[AVAILABLE DATA — start]

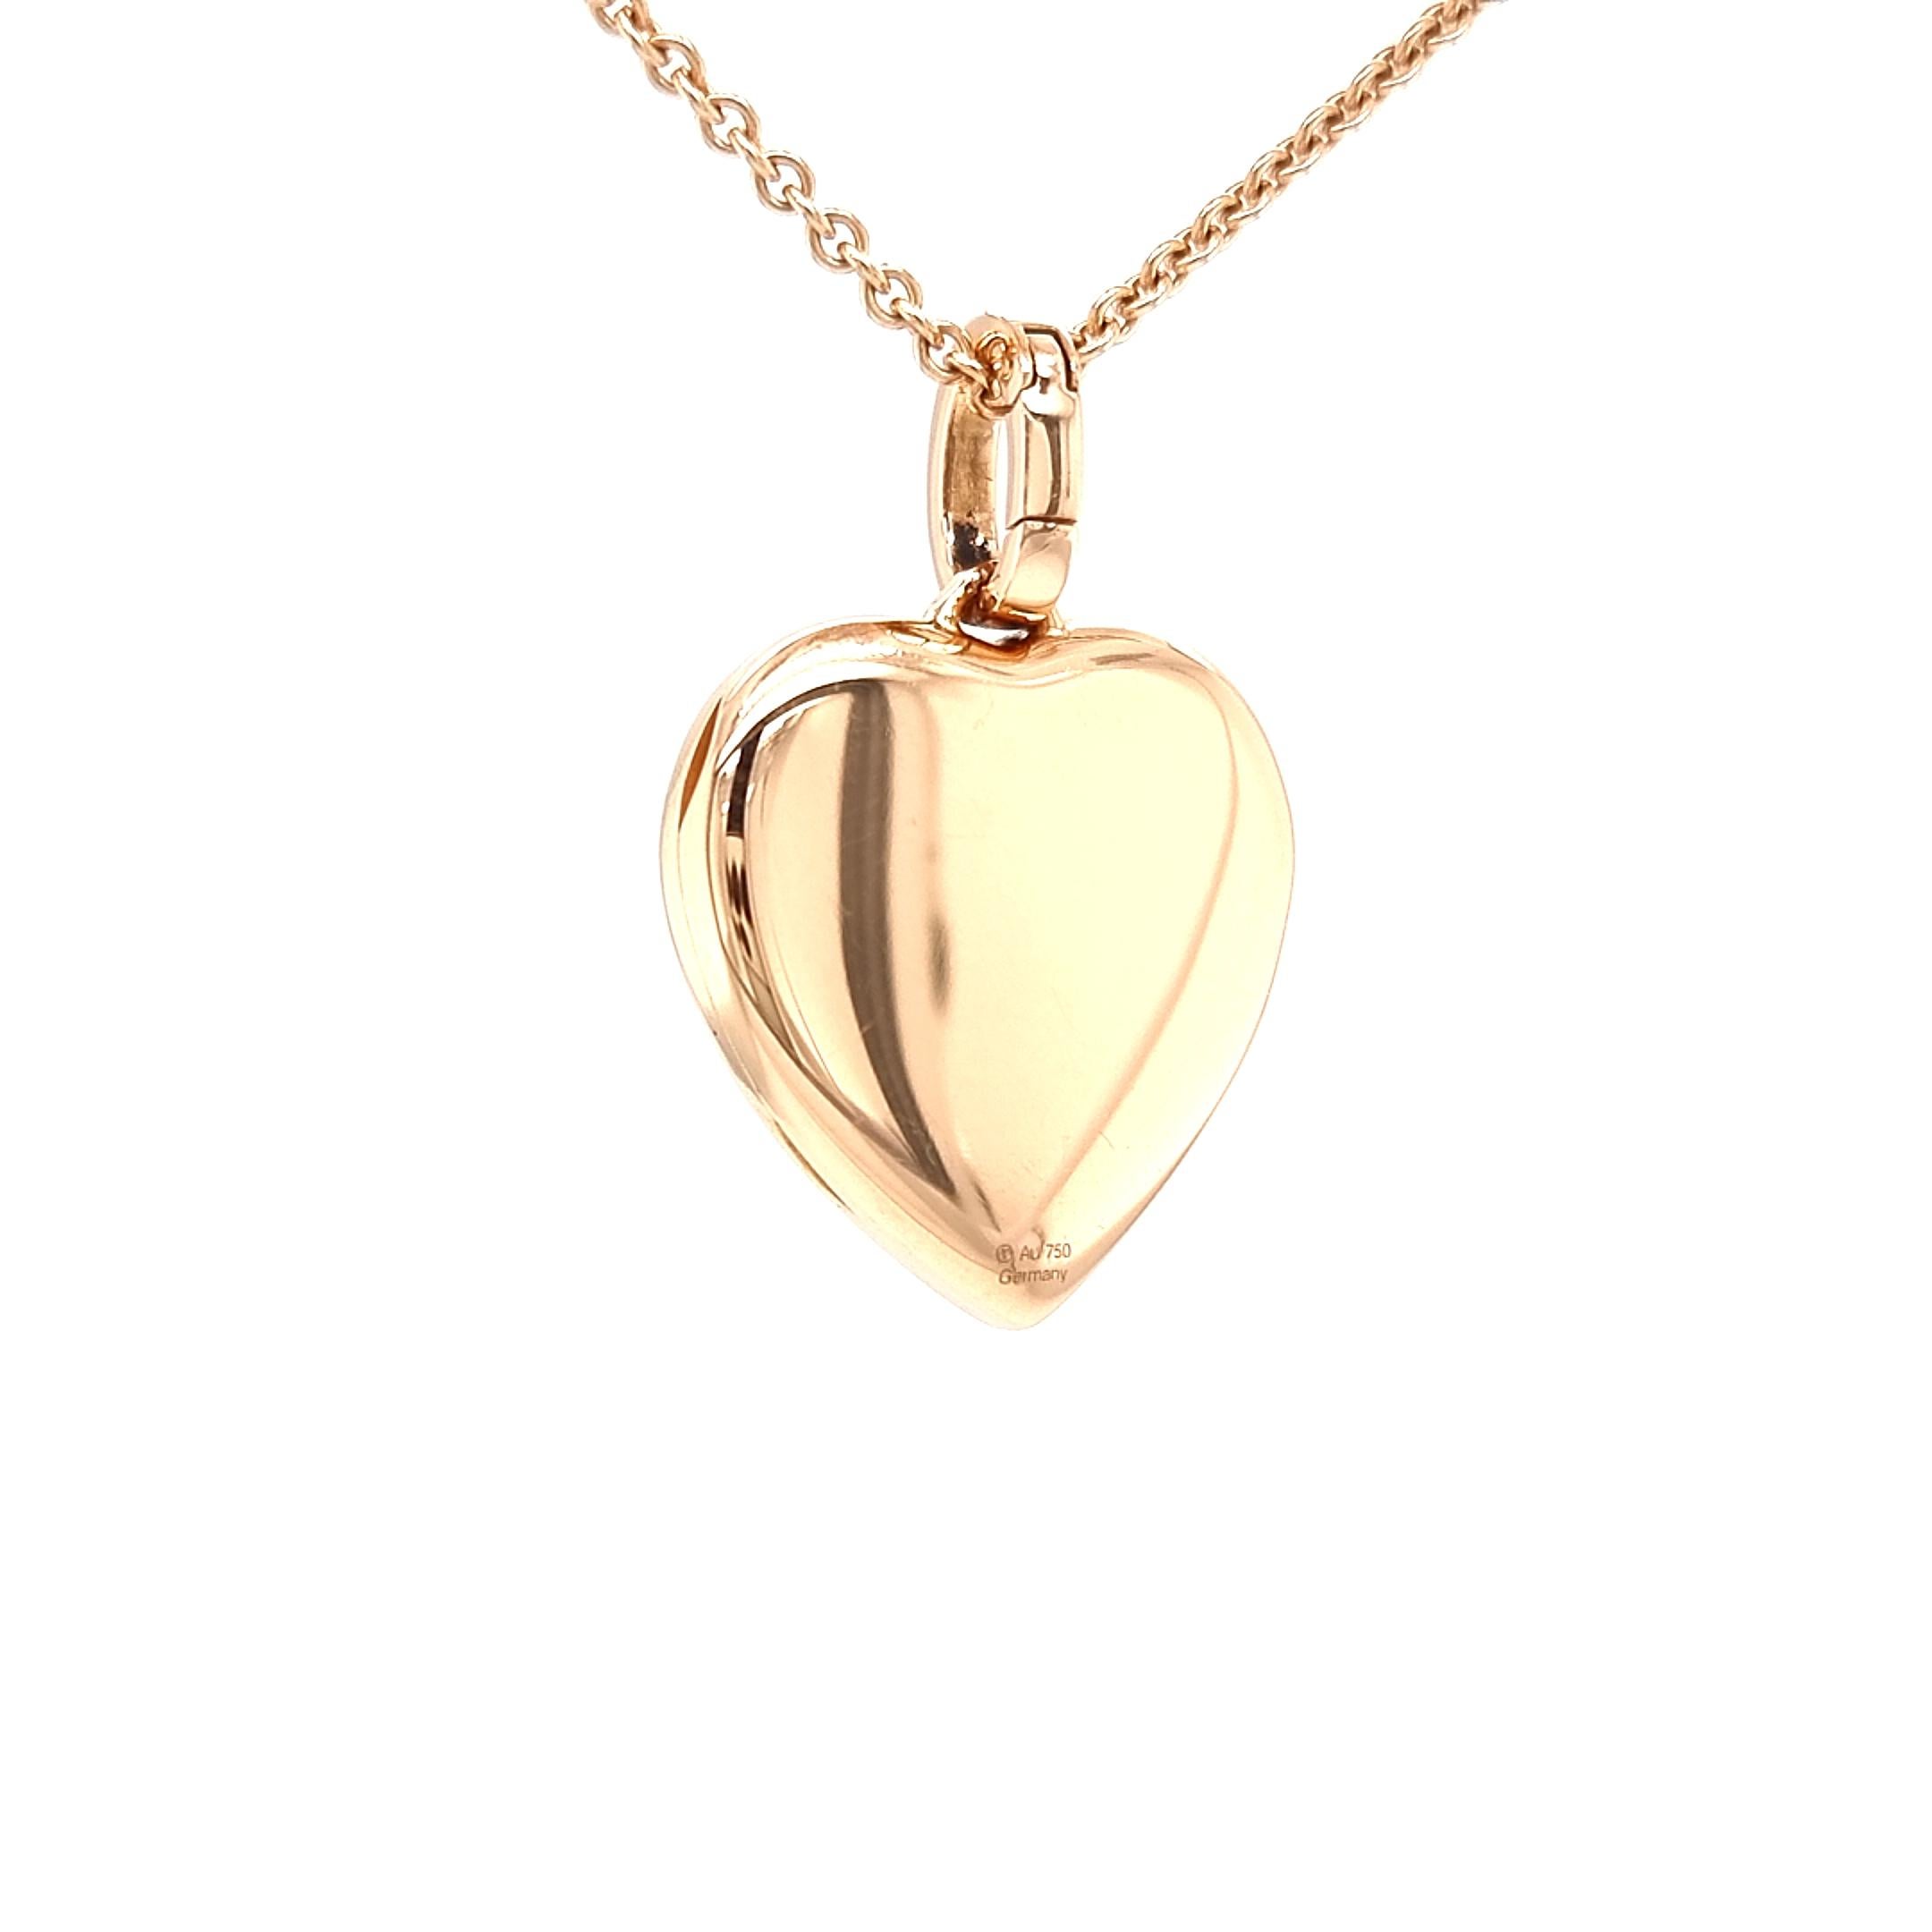 Brilliant Cut Heart Shaped Locket Pendant by Victor Mayer, 18k Rose Gold, 8 Diamonds 0.16ct For Sale
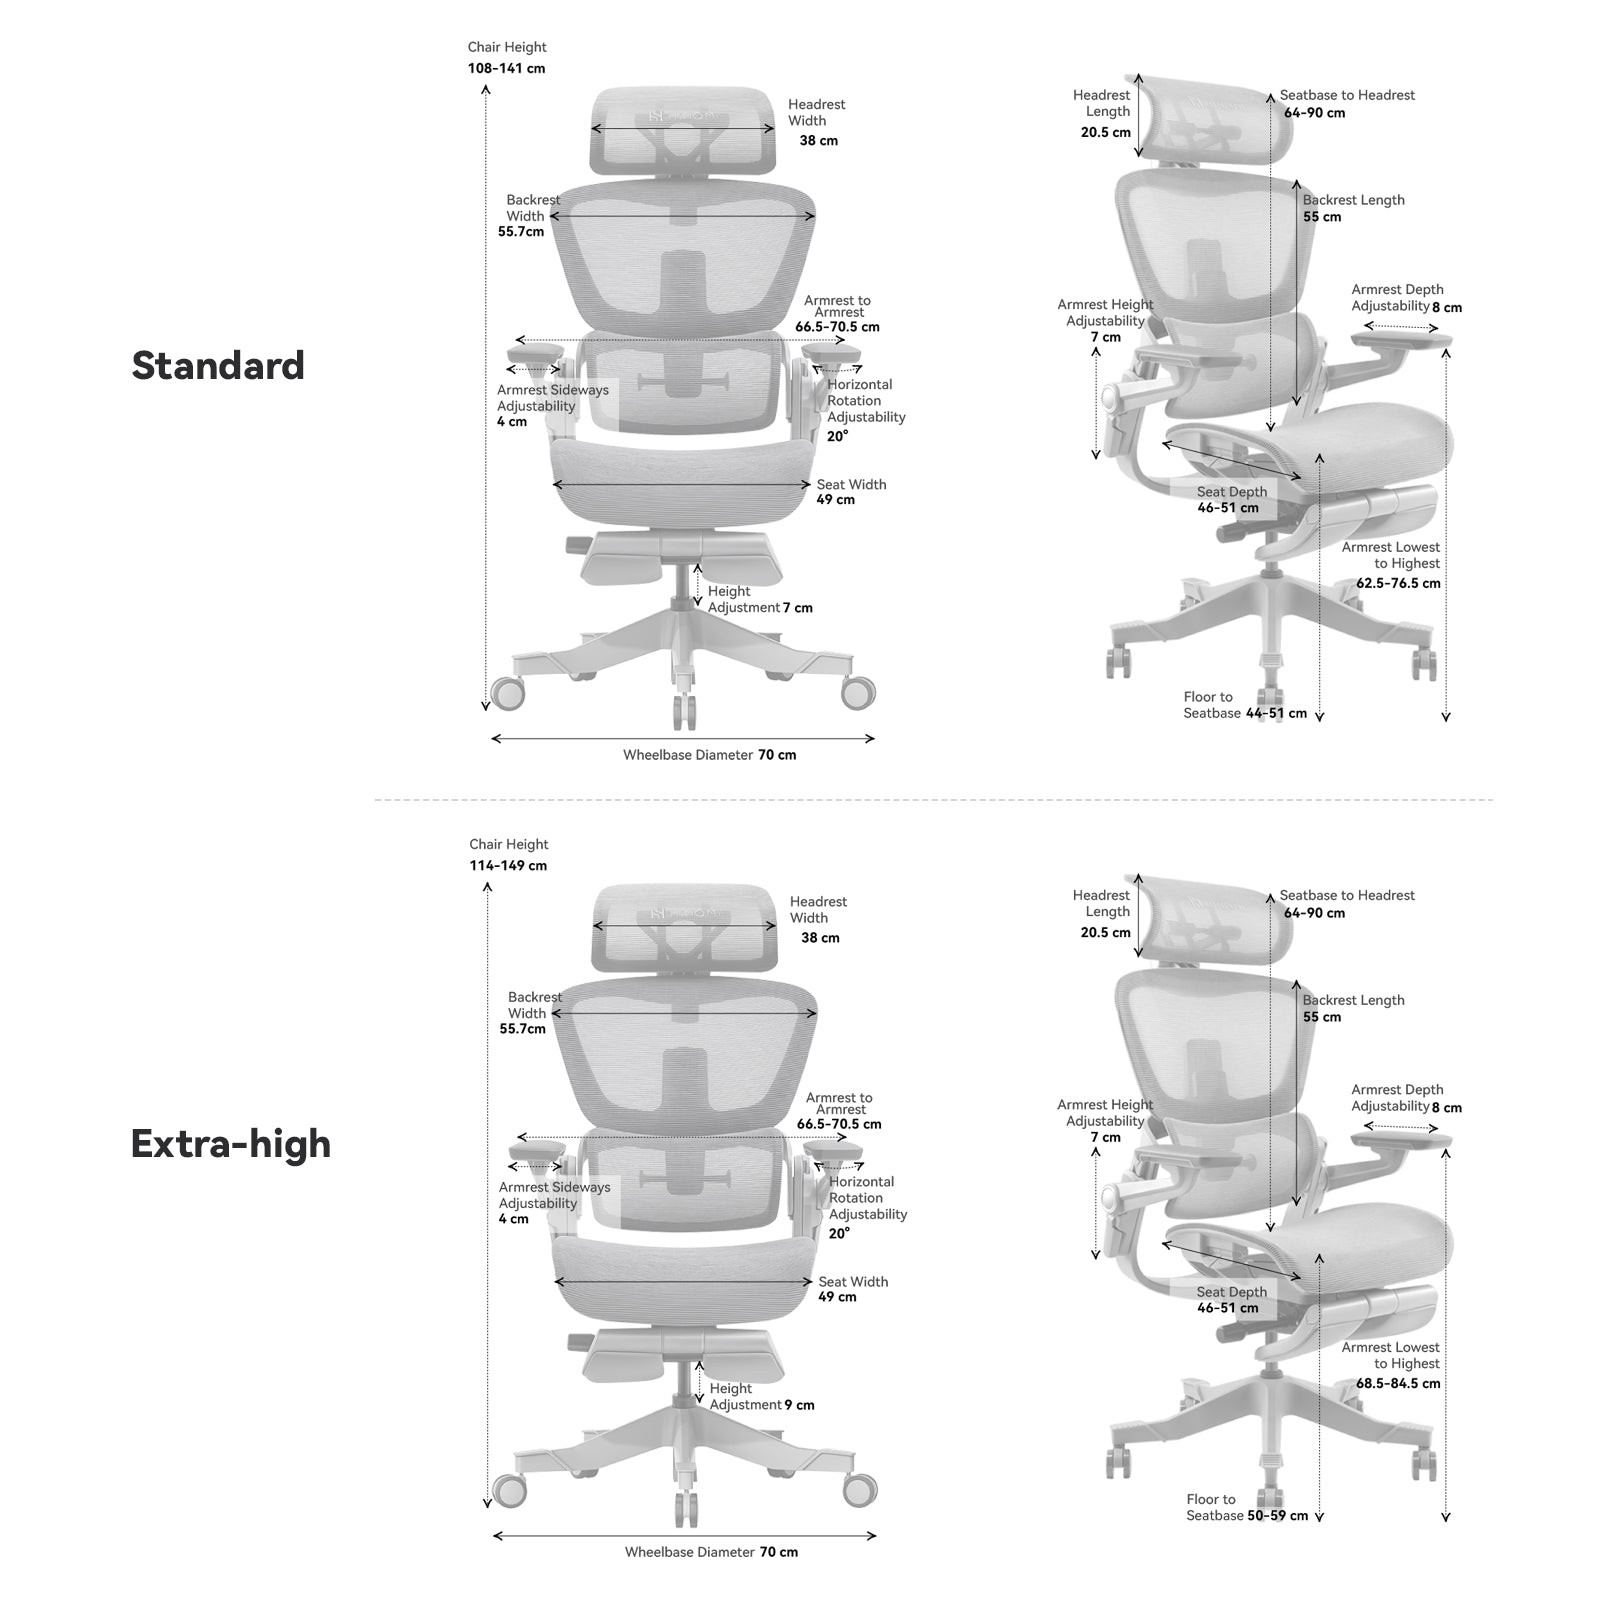 H1 Pro Ergonomic Office Chair with Fantastic Lumbar Support – HINOMI SG
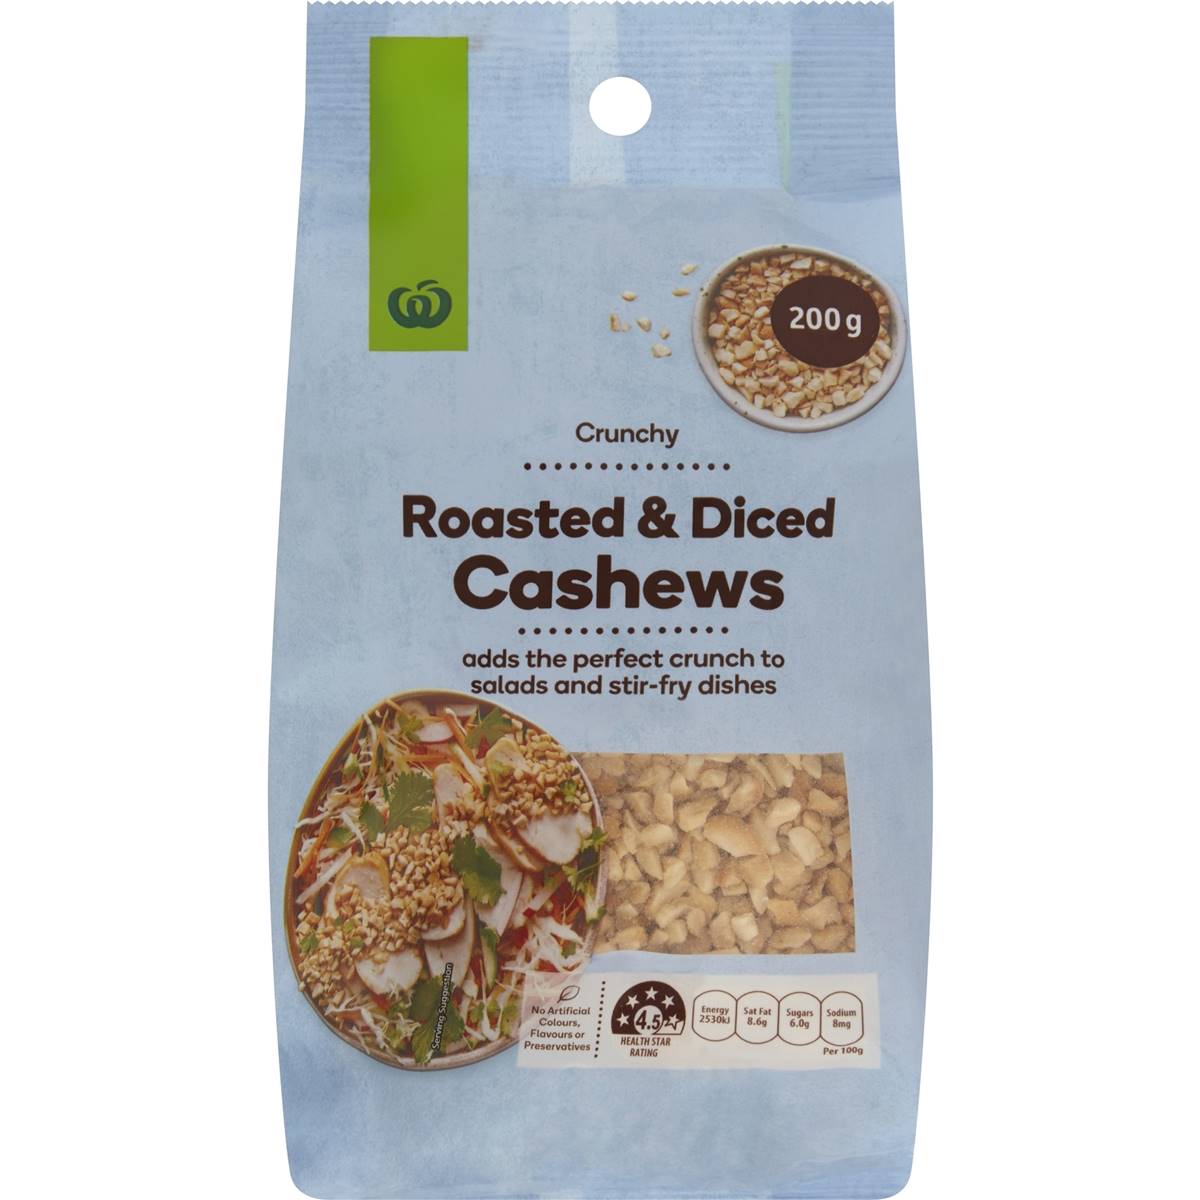 Calories in Woolworths Roasted & Diced Cashews

[AVAILABLE DATA — finish]

### WORK REQUIRED
Write out the material above again, word for word, minus its pictures.

### ANSWER FOR THE TASK
 Brilliant Cut Heart Shaped Locket Pendant by Victor Mayer, 18k Rose Gold, 8 Diamonds 0.16ct For Sale
 H1 Pro Ergonomic Office Chair with Fantastic Lumbar Support – HINOMI SG
 Calories in Woolworths Roasted & Diced Cashews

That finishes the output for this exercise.